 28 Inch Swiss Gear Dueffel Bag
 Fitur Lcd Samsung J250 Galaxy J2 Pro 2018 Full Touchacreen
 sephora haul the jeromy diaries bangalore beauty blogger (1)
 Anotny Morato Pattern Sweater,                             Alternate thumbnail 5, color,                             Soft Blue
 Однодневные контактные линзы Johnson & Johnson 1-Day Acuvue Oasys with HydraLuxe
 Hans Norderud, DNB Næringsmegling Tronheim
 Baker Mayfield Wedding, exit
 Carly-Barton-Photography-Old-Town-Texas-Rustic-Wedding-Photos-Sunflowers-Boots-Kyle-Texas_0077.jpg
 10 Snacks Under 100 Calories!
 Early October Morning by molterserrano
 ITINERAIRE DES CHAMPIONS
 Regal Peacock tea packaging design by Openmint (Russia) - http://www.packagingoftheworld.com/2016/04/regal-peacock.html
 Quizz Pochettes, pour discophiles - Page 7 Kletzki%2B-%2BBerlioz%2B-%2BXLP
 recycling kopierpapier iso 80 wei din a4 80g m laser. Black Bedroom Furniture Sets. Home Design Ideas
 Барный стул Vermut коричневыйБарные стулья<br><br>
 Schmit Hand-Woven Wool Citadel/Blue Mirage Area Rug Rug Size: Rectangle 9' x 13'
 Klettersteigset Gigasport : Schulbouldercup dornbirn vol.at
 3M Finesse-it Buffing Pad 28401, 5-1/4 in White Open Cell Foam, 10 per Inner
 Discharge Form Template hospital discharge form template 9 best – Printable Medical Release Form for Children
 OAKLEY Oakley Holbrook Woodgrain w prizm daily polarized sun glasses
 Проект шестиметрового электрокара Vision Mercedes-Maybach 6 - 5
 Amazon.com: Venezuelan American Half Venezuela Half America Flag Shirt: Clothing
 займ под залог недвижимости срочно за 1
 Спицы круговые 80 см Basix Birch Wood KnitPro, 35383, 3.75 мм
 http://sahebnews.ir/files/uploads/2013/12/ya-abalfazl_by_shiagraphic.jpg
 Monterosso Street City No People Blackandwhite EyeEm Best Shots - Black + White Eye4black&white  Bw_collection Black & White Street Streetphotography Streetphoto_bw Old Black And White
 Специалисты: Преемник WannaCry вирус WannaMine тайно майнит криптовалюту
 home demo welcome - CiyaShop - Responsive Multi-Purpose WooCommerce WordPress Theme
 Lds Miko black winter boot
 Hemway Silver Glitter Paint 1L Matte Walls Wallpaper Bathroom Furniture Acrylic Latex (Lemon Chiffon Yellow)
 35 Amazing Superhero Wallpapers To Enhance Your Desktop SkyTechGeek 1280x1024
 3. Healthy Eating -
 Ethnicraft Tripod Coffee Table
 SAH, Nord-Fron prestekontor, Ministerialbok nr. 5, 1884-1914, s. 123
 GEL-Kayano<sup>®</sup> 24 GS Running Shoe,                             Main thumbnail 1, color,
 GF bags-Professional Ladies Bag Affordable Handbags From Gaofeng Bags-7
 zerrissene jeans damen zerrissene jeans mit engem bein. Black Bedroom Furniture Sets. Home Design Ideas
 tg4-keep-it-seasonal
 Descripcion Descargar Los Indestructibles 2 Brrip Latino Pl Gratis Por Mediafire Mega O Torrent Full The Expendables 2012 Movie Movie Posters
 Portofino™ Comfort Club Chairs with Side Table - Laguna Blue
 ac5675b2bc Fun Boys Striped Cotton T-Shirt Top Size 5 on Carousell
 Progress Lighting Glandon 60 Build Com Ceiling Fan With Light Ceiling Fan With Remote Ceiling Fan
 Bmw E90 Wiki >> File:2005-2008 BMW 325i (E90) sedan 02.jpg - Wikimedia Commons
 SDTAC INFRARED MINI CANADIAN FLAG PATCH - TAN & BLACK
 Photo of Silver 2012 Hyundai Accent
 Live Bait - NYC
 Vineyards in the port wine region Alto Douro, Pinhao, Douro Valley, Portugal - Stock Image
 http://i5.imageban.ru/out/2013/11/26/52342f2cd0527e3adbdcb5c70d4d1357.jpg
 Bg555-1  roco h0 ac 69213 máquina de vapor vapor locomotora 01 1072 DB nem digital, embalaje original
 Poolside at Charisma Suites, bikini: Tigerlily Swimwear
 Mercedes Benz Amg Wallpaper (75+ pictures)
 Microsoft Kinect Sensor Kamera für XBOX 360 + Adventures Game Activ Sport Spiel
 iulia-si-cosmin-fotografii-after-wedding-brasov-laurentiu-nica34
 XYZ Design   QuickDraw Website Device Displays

# Problem requirements
Everything from the line with "Anotny Morato Pattern" through the line with "ITINERAIRE DES CHAMPIONS" should be written out exactly as it appears above, end lines included, and nothing outside that range.

# Answer box
 Anotny Morato Pattern Sweater,                             Alternate thumbnail 5, color,                             Soft Blue
 Однодневные контактные линзы Johnson & Johnson 1-Day Acuvue Oasys with HydraLuxe
 Hans Norderud, DNB Næringsmegling Tronheim
 Baker Mayfield Wedding, exit
 Carly-Barton-Photography-Old-Town-Texas-Rustic-Wedding-Photos-Sunflowers-Boots-Kyle-Texas_0077.jpg
 10 Snacks Under 100 Calories!
 Early October Morning by molterserrano
 ITINERAIRE DES CHAMPIONS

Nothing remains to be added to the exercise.